Is death still the greatest taboo? The fact I want this support on an anonymous Internet forum is because it feels too awful to say in real life.[/quote]
I think it is - my husband's mum spent her last days in a hospice after a decade of cancer and a few minutes after she died, he took this huge deep breath. I will never forget the hospice nurse putting her hand on his shoulder and saying "Feels better, doesn't it? It's over now.".

And he tried to deny it immediately - because what monster feels better after the death of their mother? - and this wonderful, no nonsense woman interrupted and said, "Nope, don't. I see this every day here, people take their first deep breath in months, and every single one is relieved because the waiting and watching them get worse is over. That is NORMAL. So don't pretend you're not relieved. You can be gutted AND relieved.
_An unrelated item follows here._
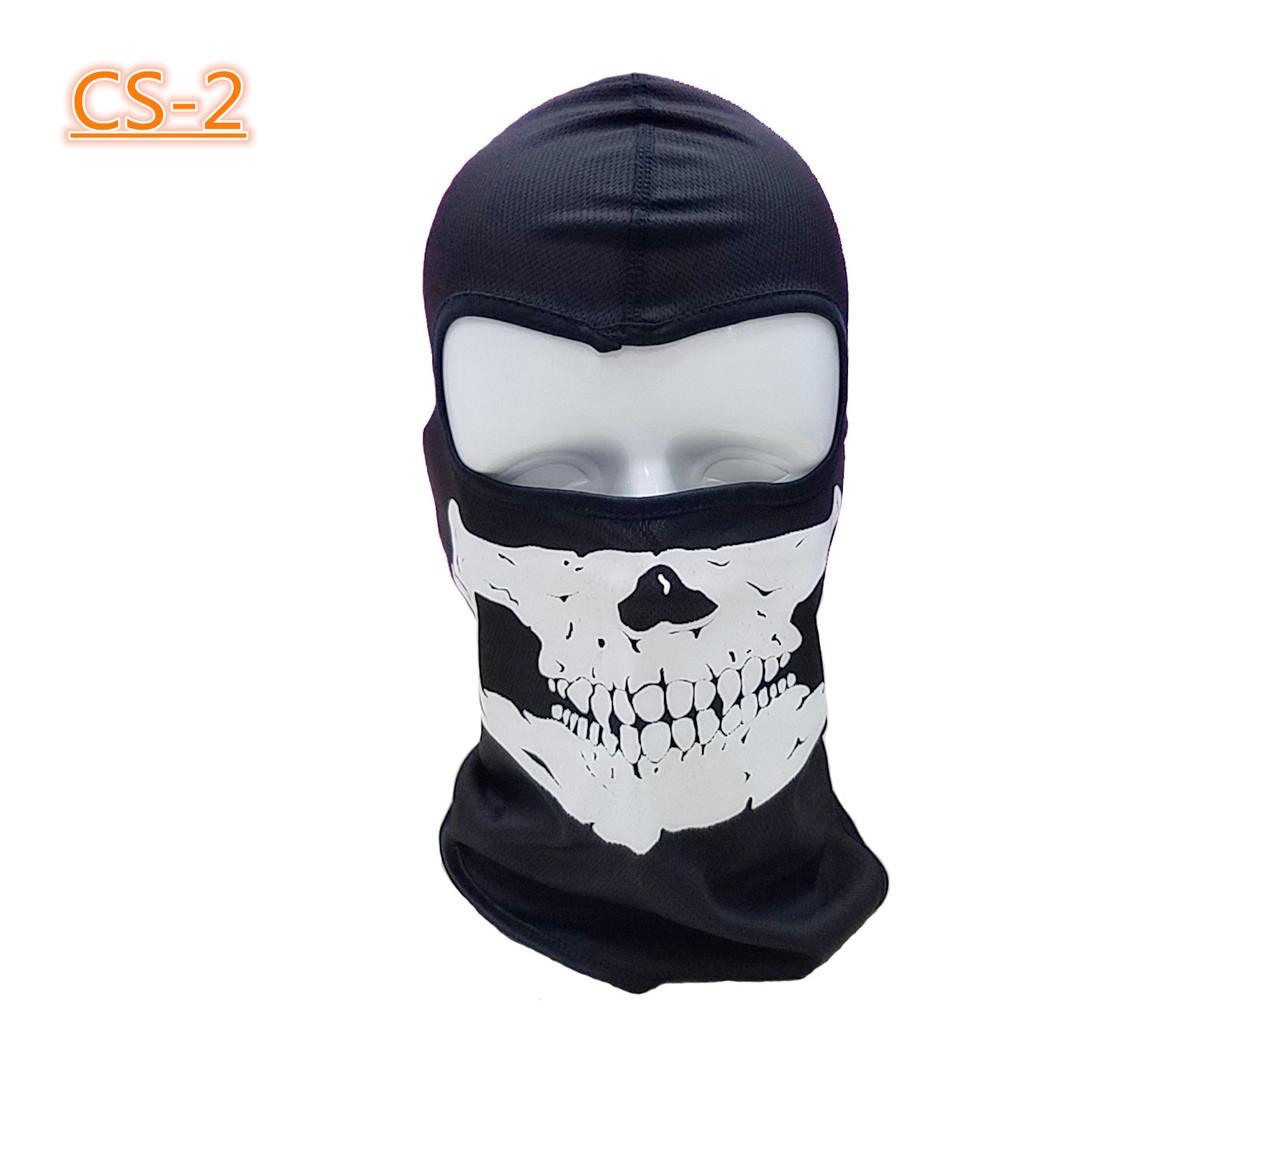 Легка вентильована балаклава / підшоломник / лижна маска / гірськолижна з черепом

That weight being lifted doesn't make the one coming any less heavy." And she marched off to make us a cup of tea.

He talked about that a lot in the months after - that he didn't feel able to admit he wanted it to ne over to anyone except me. And so many of his friends admitted they'd felt the same in similar situations - long illnesses, dementia etc. It's just not everyone has a wonderful nurse to tell them it's okay and that you can be grieving and relieved at the same time.

tailspin21 · 01/11/2021 21:41

No my lovely you're not unreasonable. My amazing, wonderful, funny, loving uncle (aka surrogate Dad) passed away yesterday morning and I'm so relieved that something else got
To him before the true dementia decline, although he still did endure a few weeks it was nothing compared to what he would have had. To see someone you love descending into fear, frustration and confusion is heartbreaking for you and, in their lucid moments, for them. Sending you all the love and strength in the world 🤗 ❤️ x

FlorrieLindley · 01/11/2021 21:42

And then my sister developed it. Would phone me at 6am wishing me Happy New Year, constant phone calls when she would hiss and call her neighbour (who was nothing but a total saint towards her) a bitch and so on.
So my mother and sister went this way ... I worry about it constantly.
OP, I didn't mean to detract from your post - I totally get where you are coming from. Don't feel guilty.